───── Data to process ─────
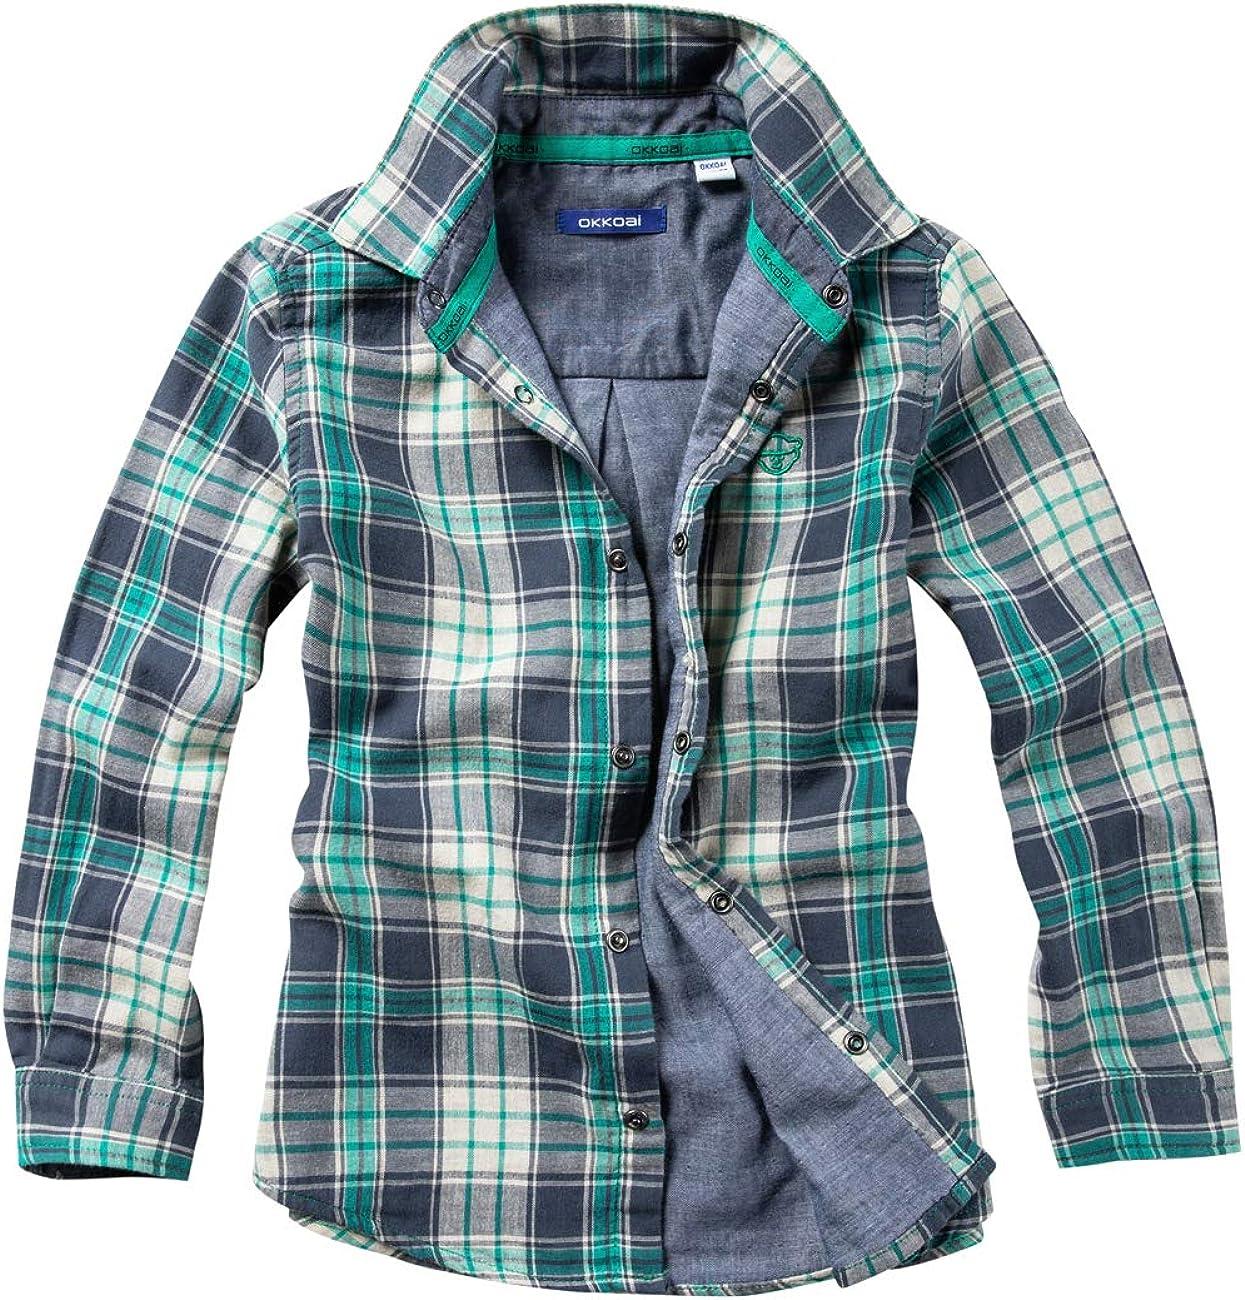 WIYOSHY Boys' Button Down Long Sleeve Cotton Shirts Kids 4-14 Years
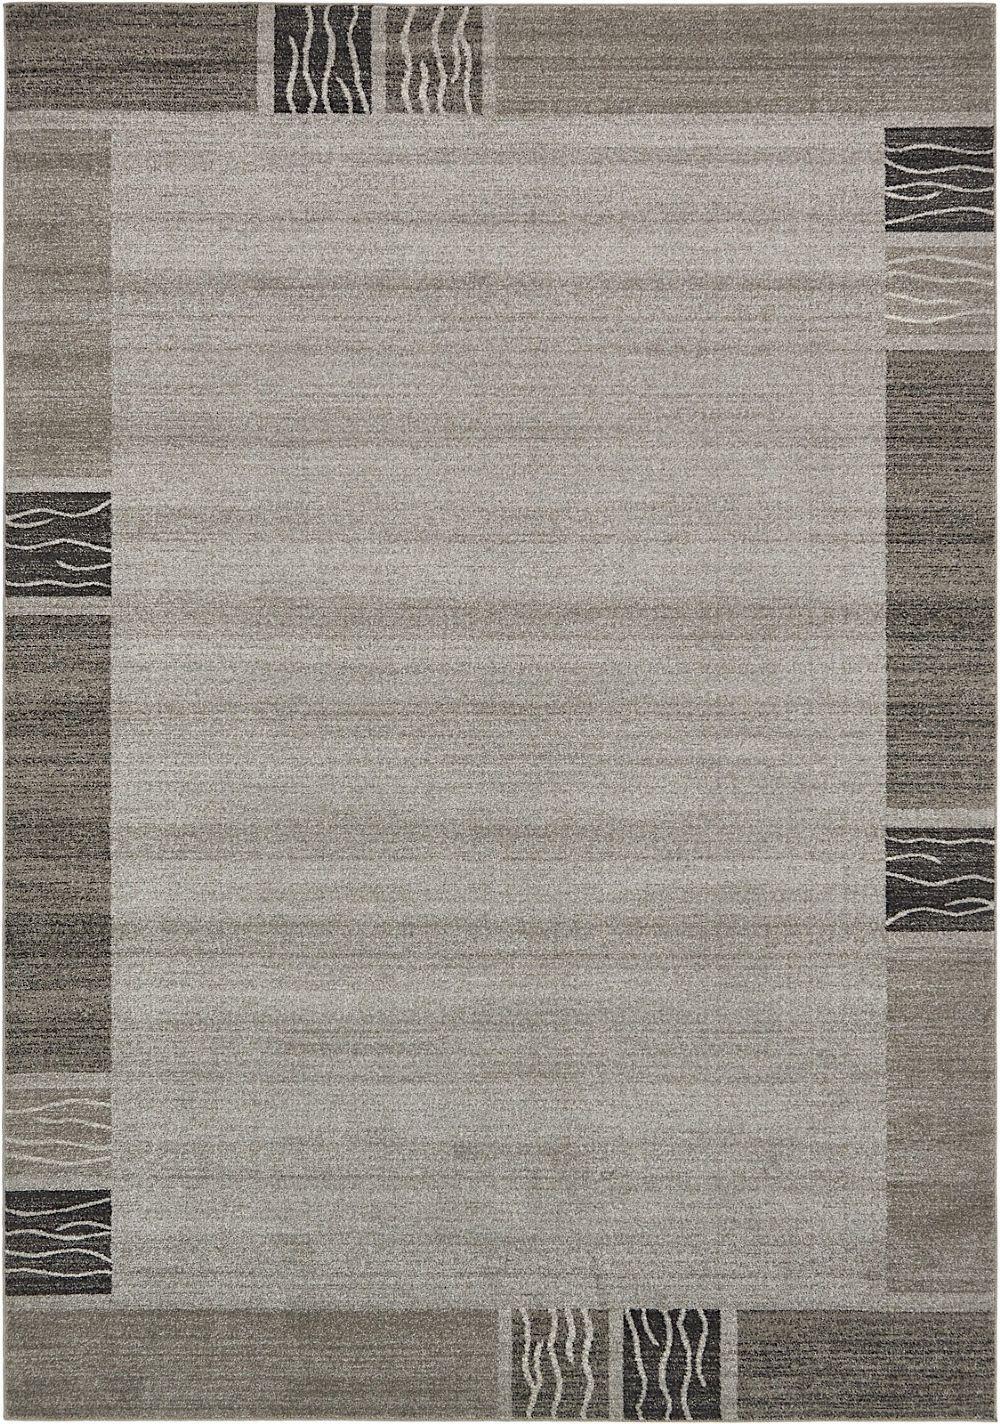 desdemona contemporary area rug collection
─────
───── Data to process ─────
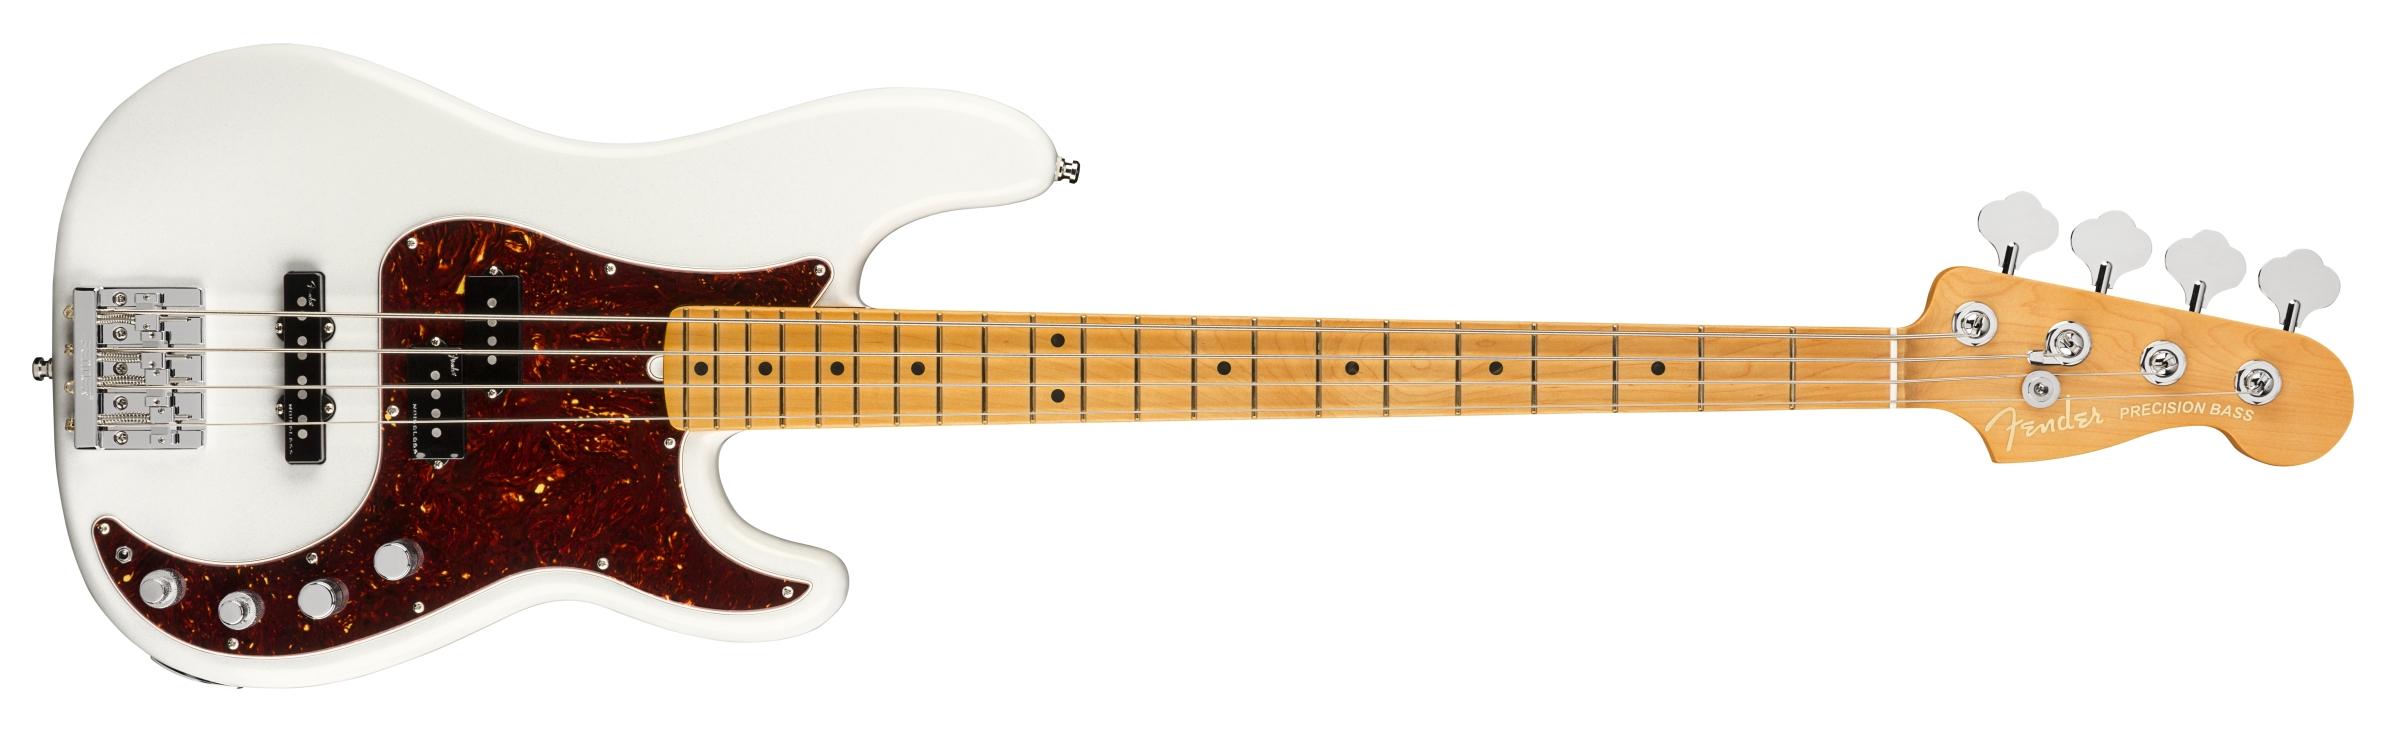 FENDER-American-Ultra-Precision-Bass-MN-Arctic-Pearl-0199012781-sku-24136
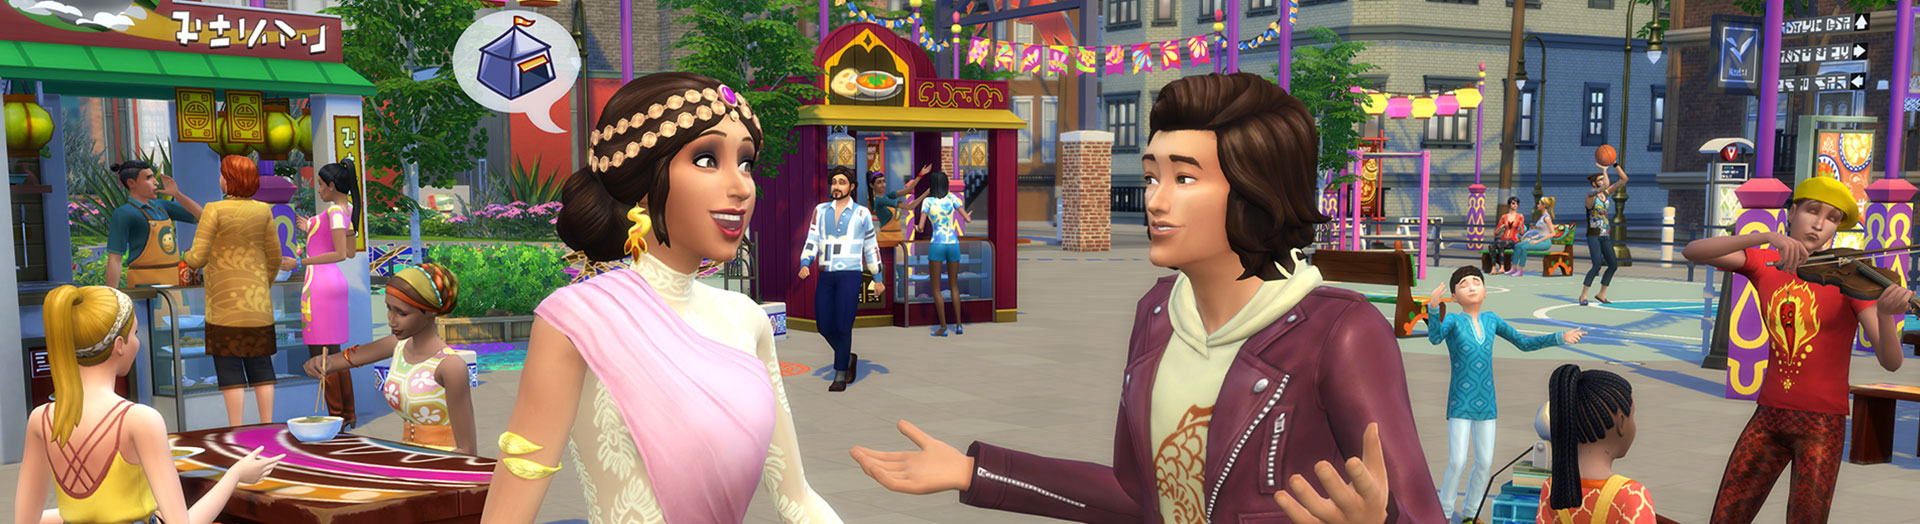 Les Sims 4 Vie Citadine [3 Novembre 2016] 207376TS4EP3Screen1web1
─────
───── Data to process ─────
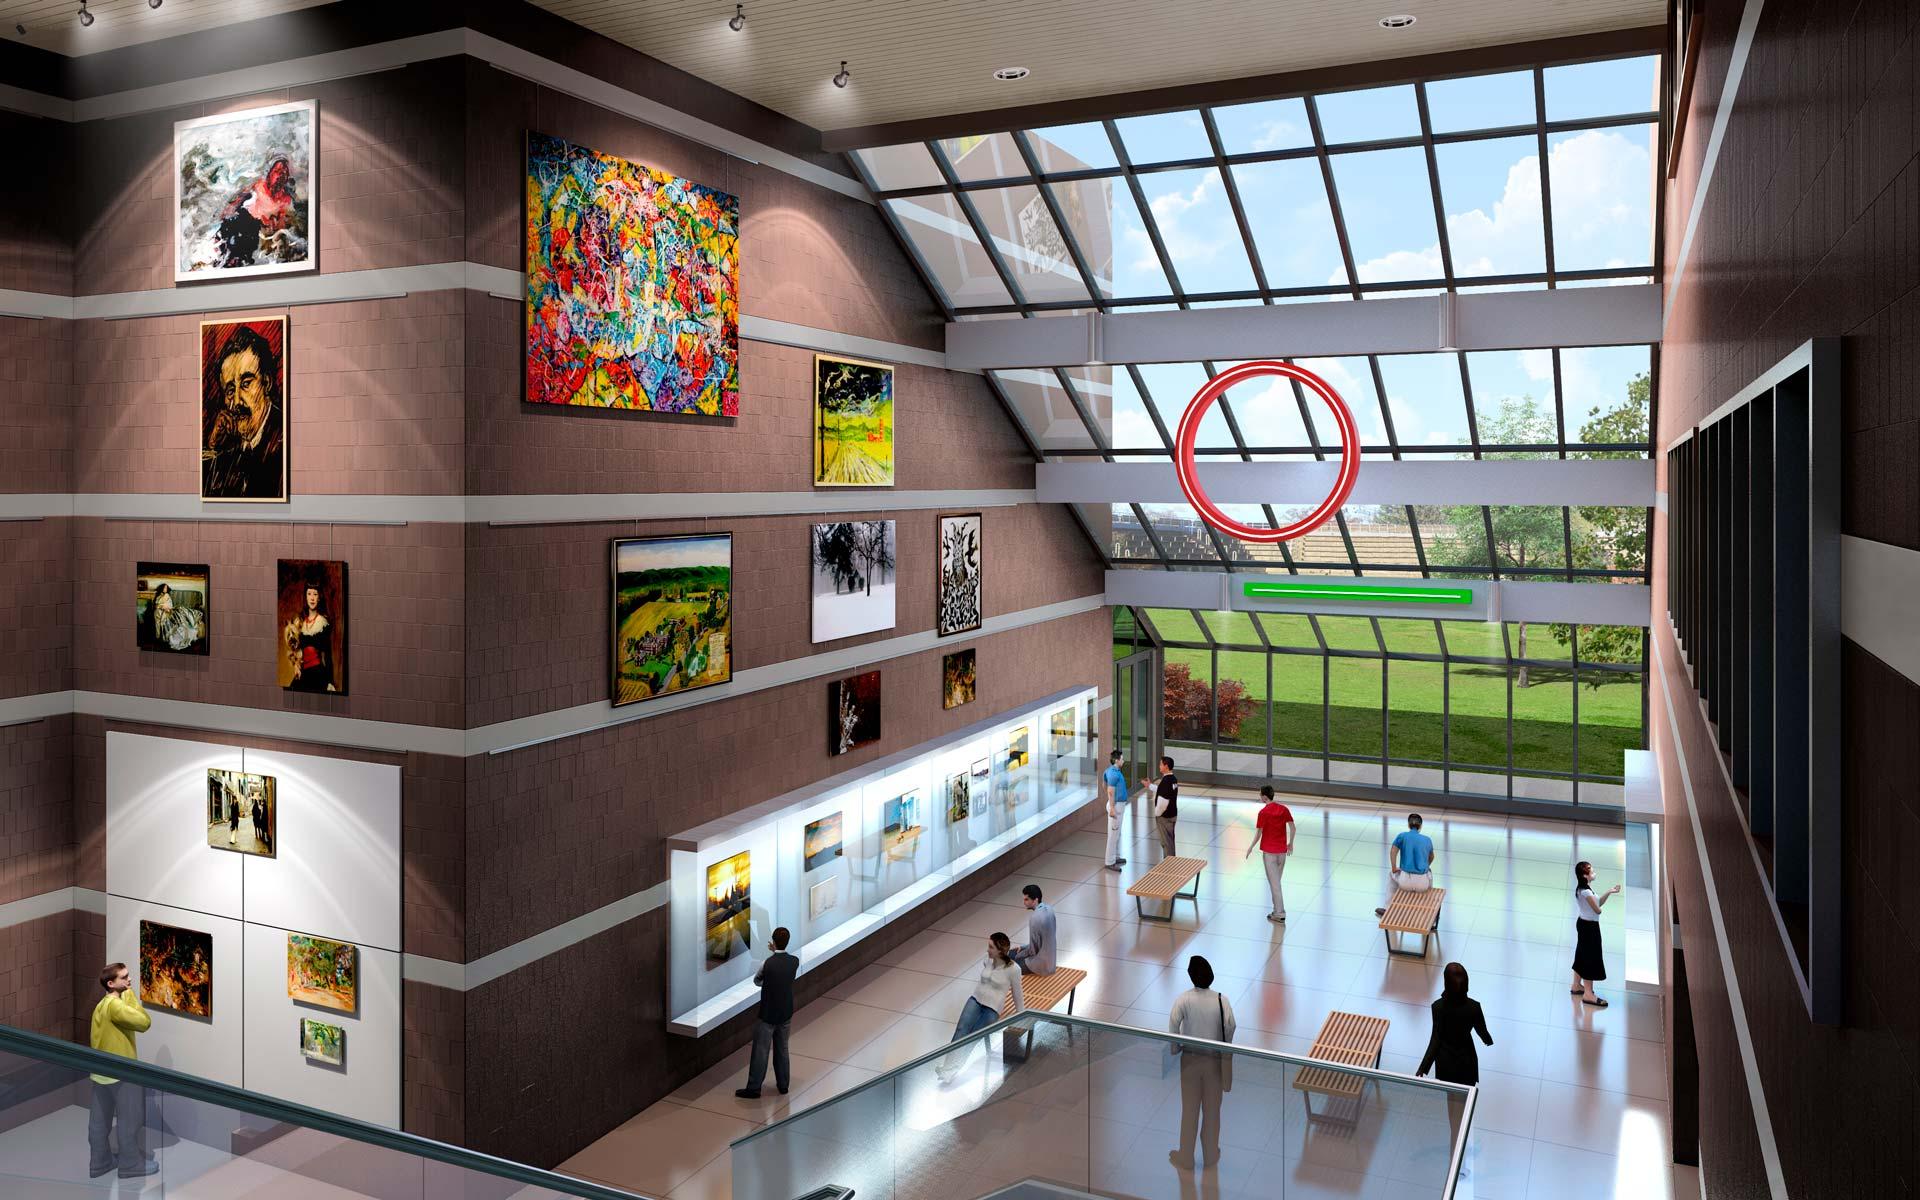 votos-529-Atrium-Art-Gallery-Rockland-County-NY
─────
■ Assigned task: Although the records above contain pictures, the copy must not; set down exactly the lines from the one with "WIYOSHY Boys' Button" up to and including the one with "desdemona contemporary area rug collection".

■ Solved exercise:
 WIYOSHY Boys' Button Down Long Sleeve Cotton Shirts Kids 4-14 Years
 desdemona contemporary area rug collection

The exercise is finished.